While I was staying in Japan, I went on a day trip — my last one — to Matsushima (i.e. ‘Pine tree islands’), North of Sendai (Miyagi prefecture), reputedly one of the three most beautiful spots in this country. Fortunately, this amazing site has been protected from the 2011 tsunami.
The name Matsushima is well chosen, as there are many islands covered by different kinds of pine trees.
This tree is symbolic in Japan as well as it was in Ancient Greece and Rome.
First, a pine’s shape looks nice, and its beauty matters for Japanese people.
Then, as Shintō shrines are built with their wood, pine trees are useful. Hence, for centuries, Japanese people have taken care of these trees.
In the XVIth century, as Portuguese Jesuits settled in Kyushu (South of Japan), the Rev. Father Luis Fróis (or Fróes) wrote (in 1585) a small treatise about local customs and habits, comparing Europeans to Japanese.
Fróis was surprised to discover how in Japan trees were forced to grow twisted rather than straight. Also, he was wondering how Japanese countless pines produce uneatable cones or nuts!
From this eyewitness account we could conclude that pines are just worthless. Wrong!
According to a French dictionary of symbols, the pine is a symbol of Immortality, as its leaves are evergreen and its resin non-decaying.
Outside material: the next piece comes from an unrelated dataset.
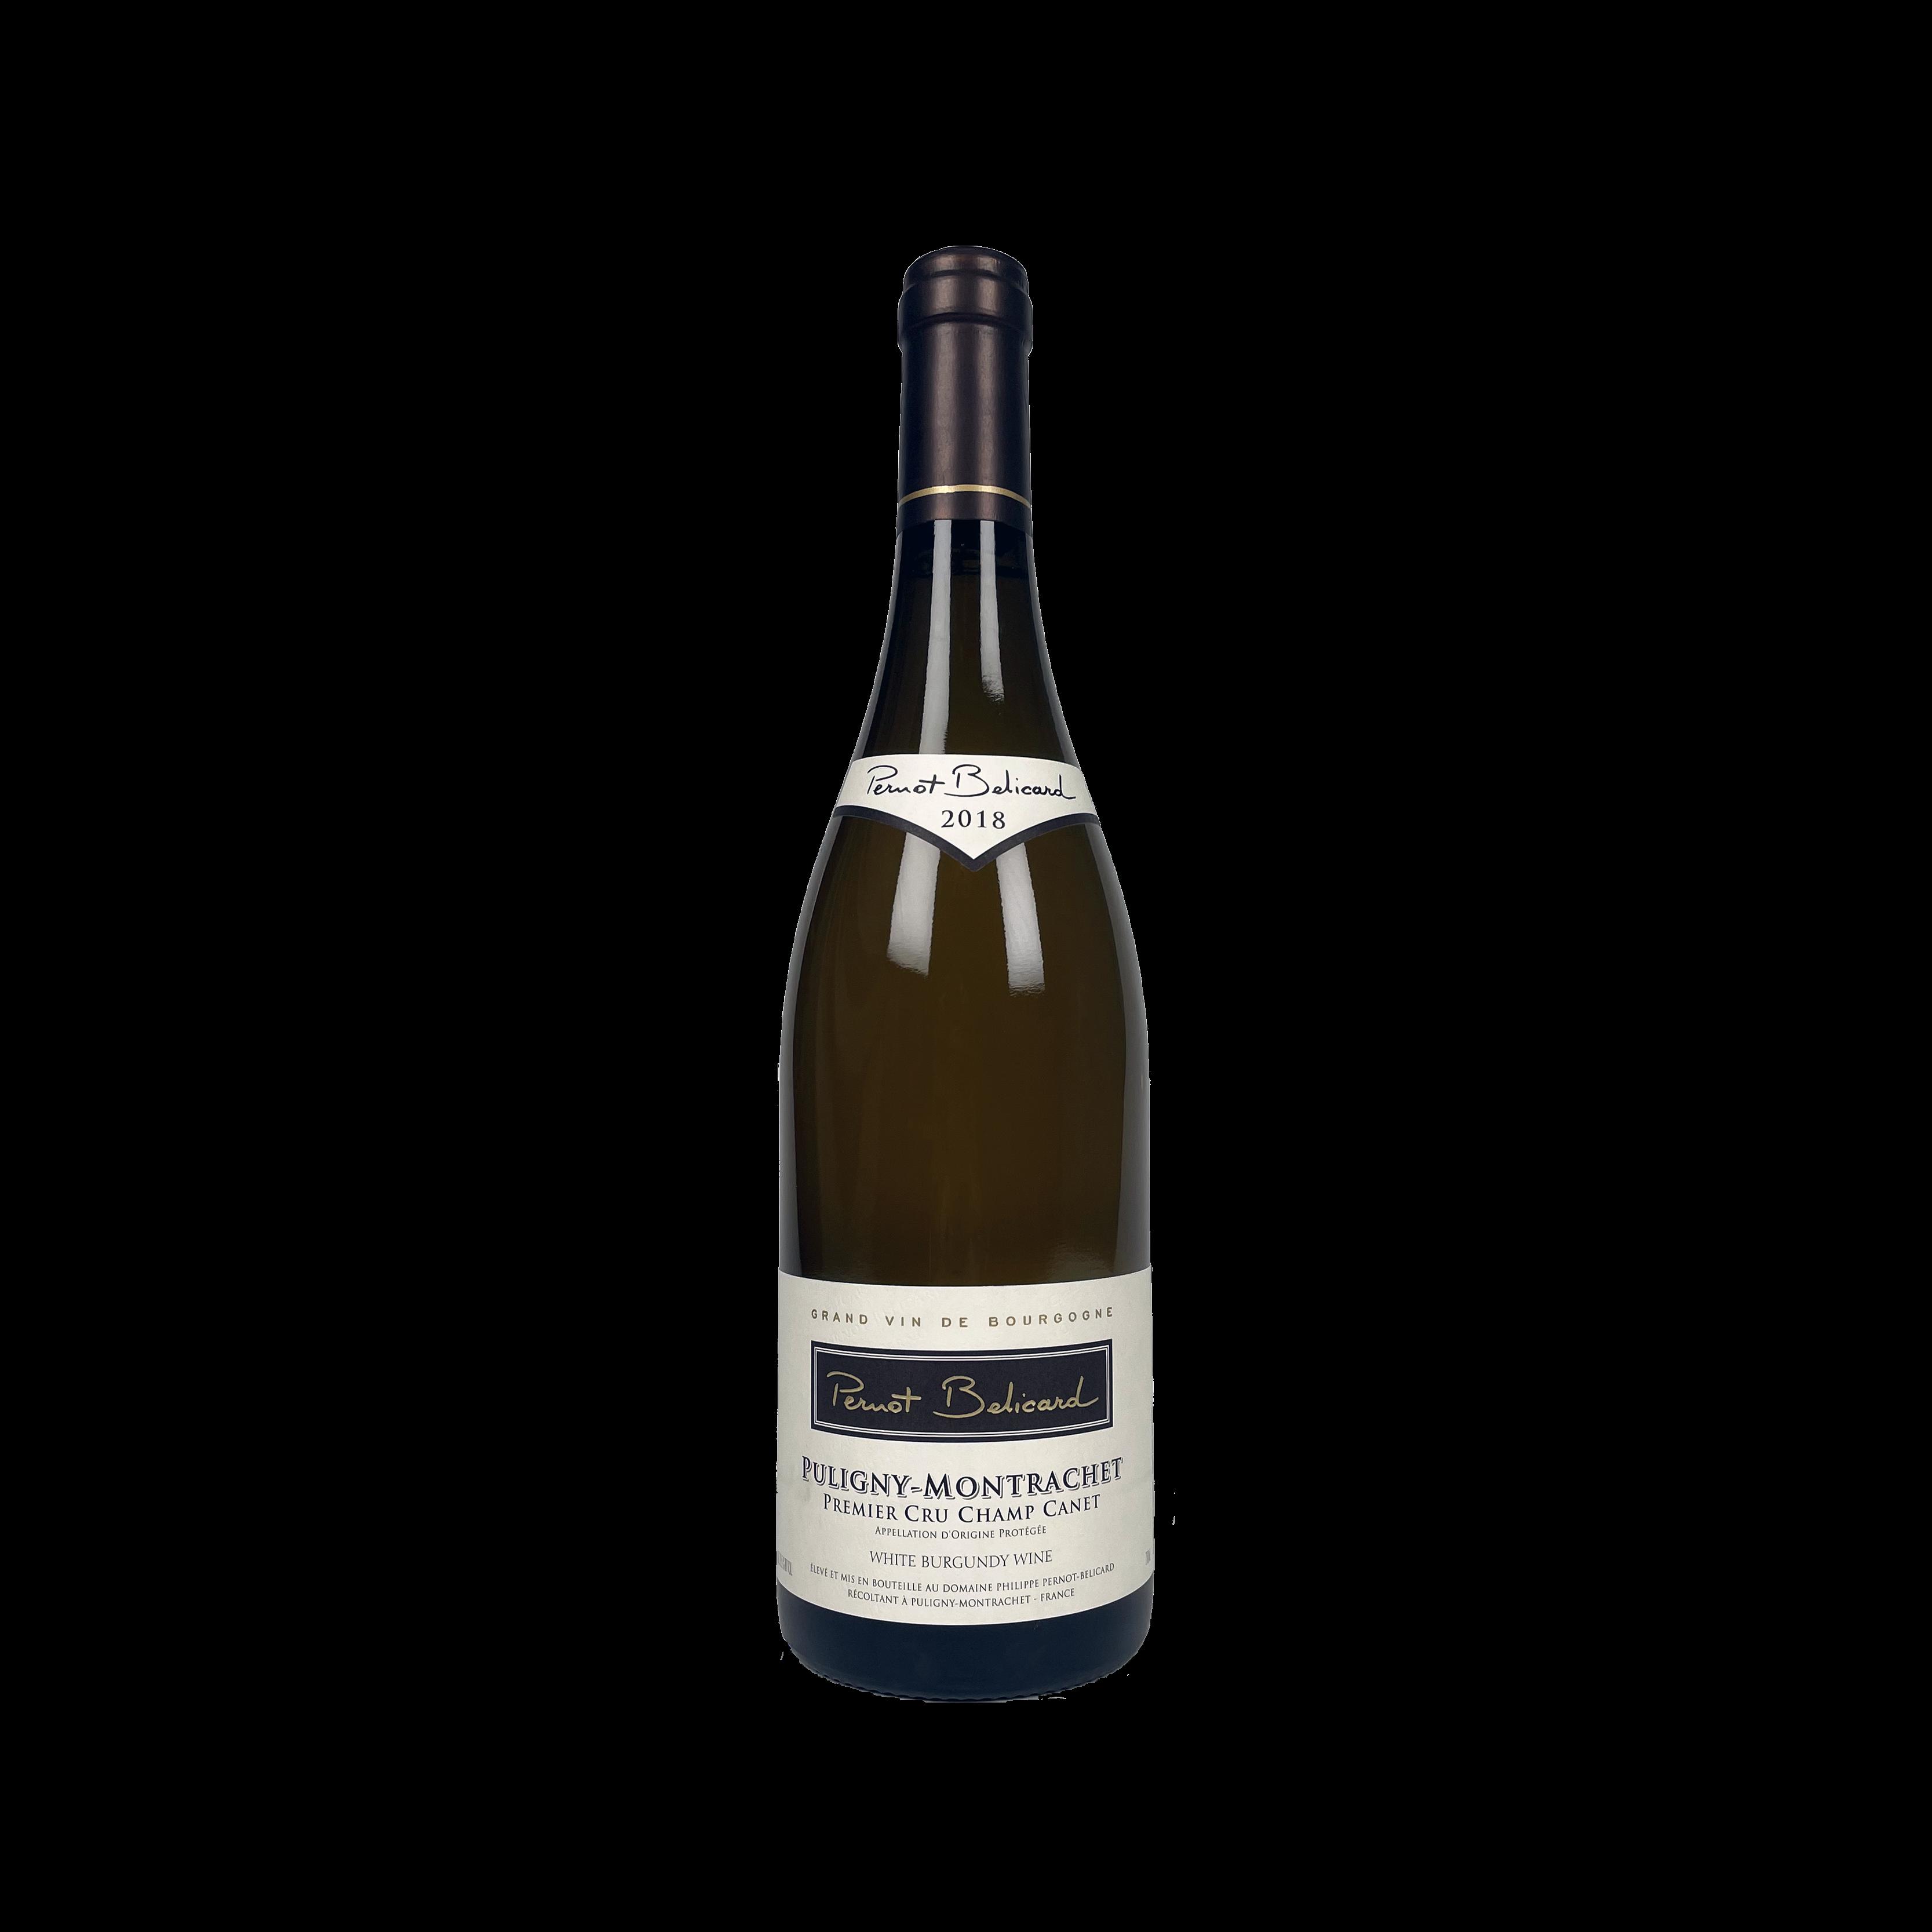 Pernot Belicard Puligny Montrachet 1er Cru Champs Canet, 2018, 75CL

In Asia, all conifers symbolize Immortality; in Japan, particularly, a pine is supposed to live thousands of years, like the turtle and the grey crane, to which it is symbolically linked.
Moreover, as in Japanese language matsu (pine) is homophonous with matsu (to wait), this tree is also symbolizing Fidelity, Faithfulness.
In Shuzenji shrine (Izu Peninsula), one can see two pines joined by a rope (shimenawa) , which is used to make think of a married couple of deities (kami) and act as a talisman against evil. In the Shintoist religion, it is believed in sacred power in both animate and inanimate things. Also, the deities are supposed to live in the branches.
In Tokyo, In Meiji Jingu, it is the same with two camphor trees, which are considered to be married.
This Japanese tradition is similar to the ancient belief about trees in Greece and Rome, where the notion that plants have a soul (anima, in Latin) or a spirit (animus) is derived from Greek philosophers (and spread by Latin poets and scientists).
Among them, Pliny the Elder, in the first century (c.e.), pays tribute to trees, when he writes: ‘The trees formed the first temples of the gods, and even at the present day, the country people … consecrate the finest among their trees to some divinity … Each kind of tree remains immutably consecrated to its own peculiar divinity, the beech to Jupiter, the laurel to Apollo, the olive to Minerva, the myrtle to Venus, and the poplar to Hercules.’ (The Natural History, XII, 2, translated by John Bostock)
Pliny the Elder does not mention the pine in making his list, but the poet Ovid, a few years before him, tells the story of Attis and Cybele, the goddess of Fertility. In Fasti, Attis, a young man beloved by Cybele, failed keeping his chastity with a nymph. The angered goddess avenged herself. ‘She destroyed the nymph and Attis was maddened, tore at his body too with a sharp stone … and suddenly bereft of every mark of manhood.’ (Fasti, IV, translated by A.S. Kline, 2004)
Since the pine was consecrated to Cybele, and Attis was considered as her spouse, a cult to both of them was worshipped every Spring in Rome. A fallen pine was brought to the Cybele’s shrine on the Palatine Hill, as if it were Attis himself. Roman people used to cry and moan about the pine’s death. Then, after one day of mourning, they were delighted with joy because of its revival. As the pine symbolized the body of the young god, dead and risen again, it also symbolized the alternation of the seasons. Life triumphant of Death.
Therefore, pine and its nuts symbolize Fidelity, Fertility and Immortality in Ancient Greece and Rome, as well as in modern Japan.
Like the Japanese poet Bashō, who was filled with admiration for the beautiful scenery, I would like to come back to Matsushima!